前回の写真でおわかりのように、ここの観音堂は見晴らしがいいです。
ベンチに座って、景色をただぼ~っと見ていると、現実界のごちゃごちゃした悩みや心配事はどうでもよくなり、自分の心だけが見えてきます。
十一面観音さんは、こうも言われました。
日本には四季があって、景色のよい場所がたくさんある。
それは心を落ち着けて内観する機会を与えてもらっているのである。
そのような場所を見つけたら静かに景色を見て、しっかり内観する時間を持ったほうがいい。

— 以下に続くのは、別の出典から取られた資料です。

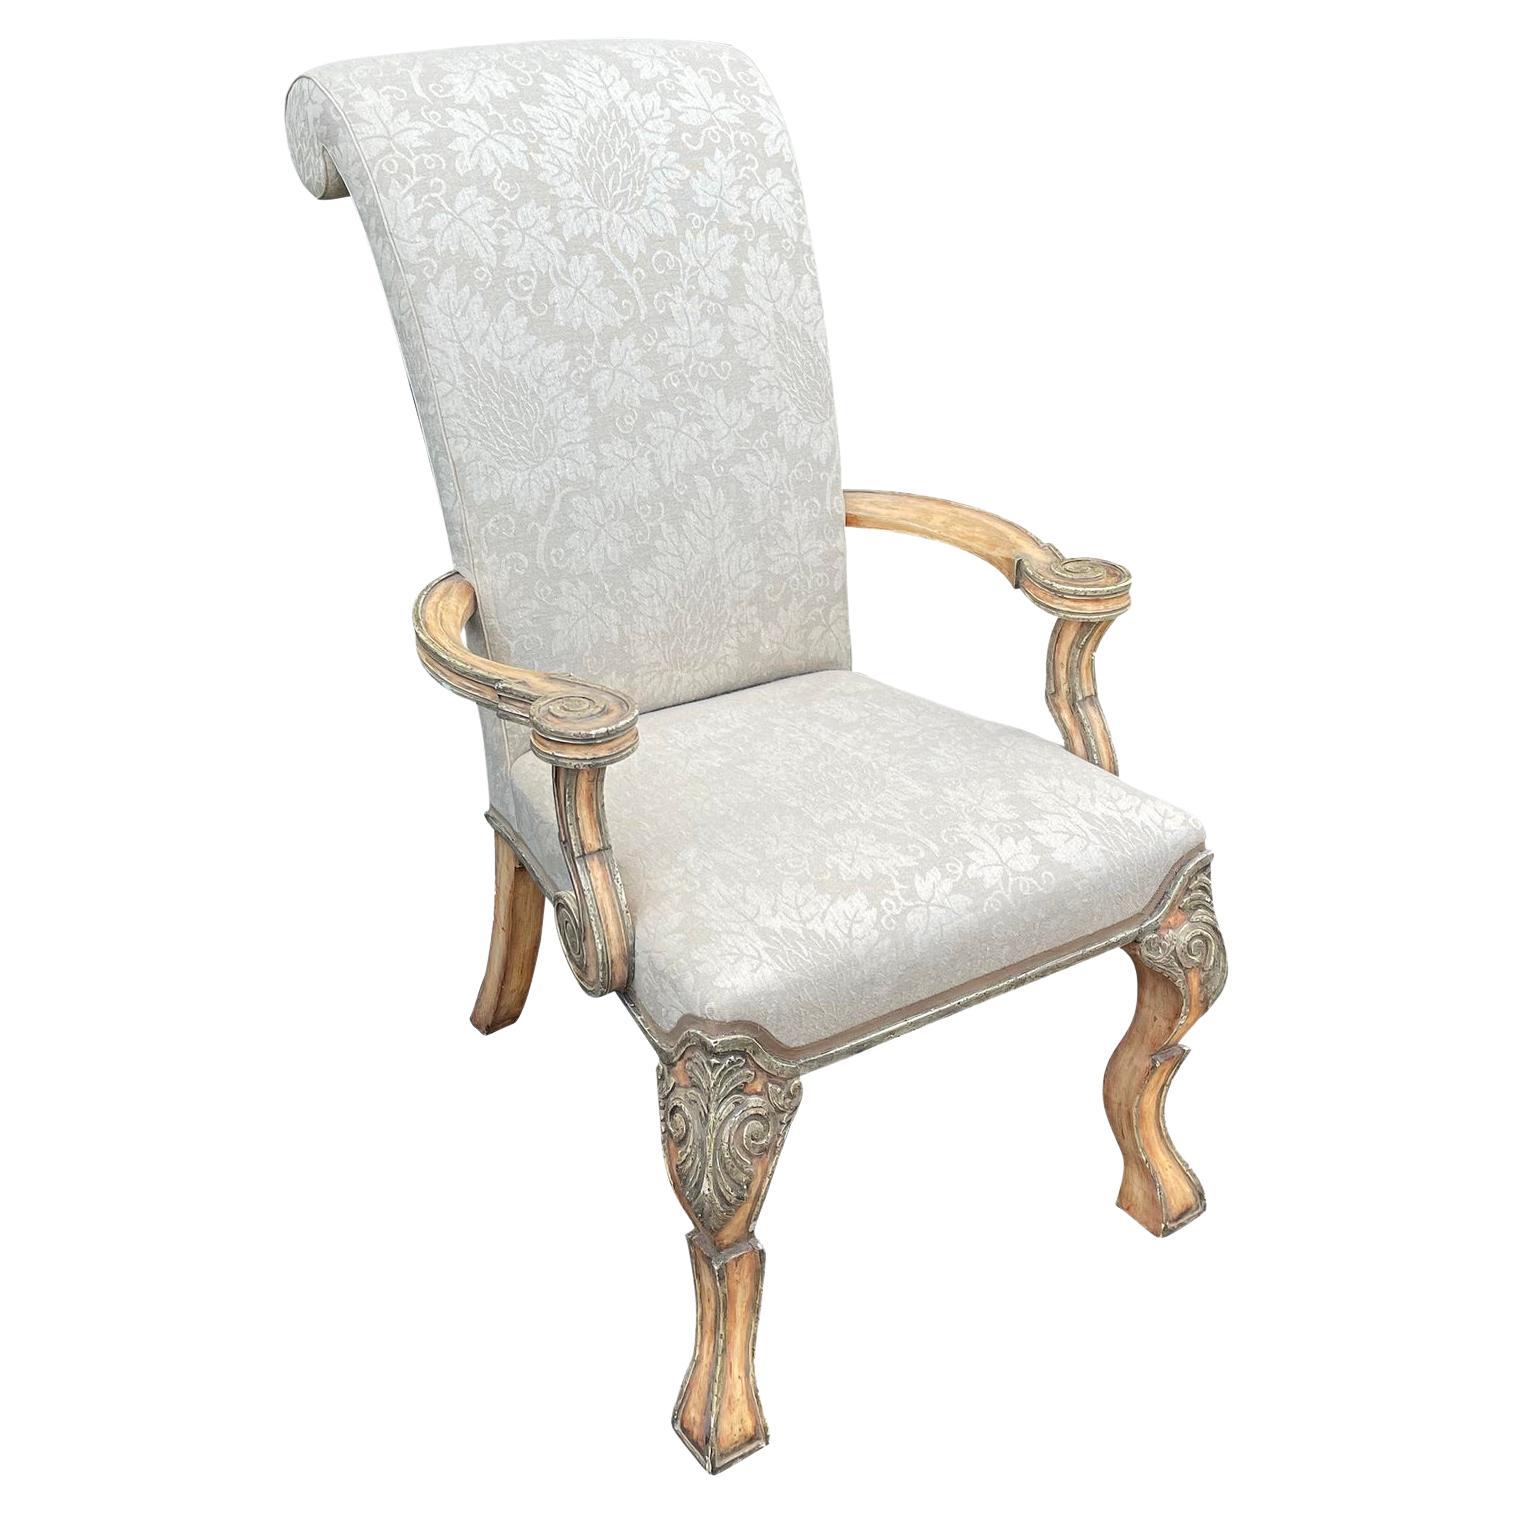 Minton-Spidell 18th Century Style Carved Italian Armchair For Sale

そして、長い人生の中には瞑想をするようにゆっくり生活をする期間があってもいい。
もしも休めるのであれば、休んでもよいのではないか……。
ああ、そうだなぁ~、と心の底から、しみじみと納得しました。
ちょっと行き詰まった時は、近所でもいいから、景色のよい場所に行って癒やされて、心を整えてはどうか……という意味も含まれています。
崖観音さんは岩に掘られた仏様であり、お不動さんは崖をくり抜いたお堂(洞窟)内におられます。
ここの崖の岩は、山が持つパワーがぎゅっと凝縮されています。
お不動さんのお堂は、中に立っているだけで、山のパワーが充電されます。
お不動さん自身の力よりも、地球のエネルギーといえる山のパワーのほうがはるかに大きいので、お堂の中に入ったらすぐに出ないことがおすすめです。
十一面観音さんはお体が岩ですから、山の強いパワーを持っています。
そこに加え、ほわわ~んとしたぬくもりも持っている仏様です。
ここでは、まず観音堂で心の修復をしてもらい、帰りに不動堂でパワーを充電してもらいます。
この順番で、心身ともに元気いっぱいになって帰る……というのが、ベストな参拝の仕方です。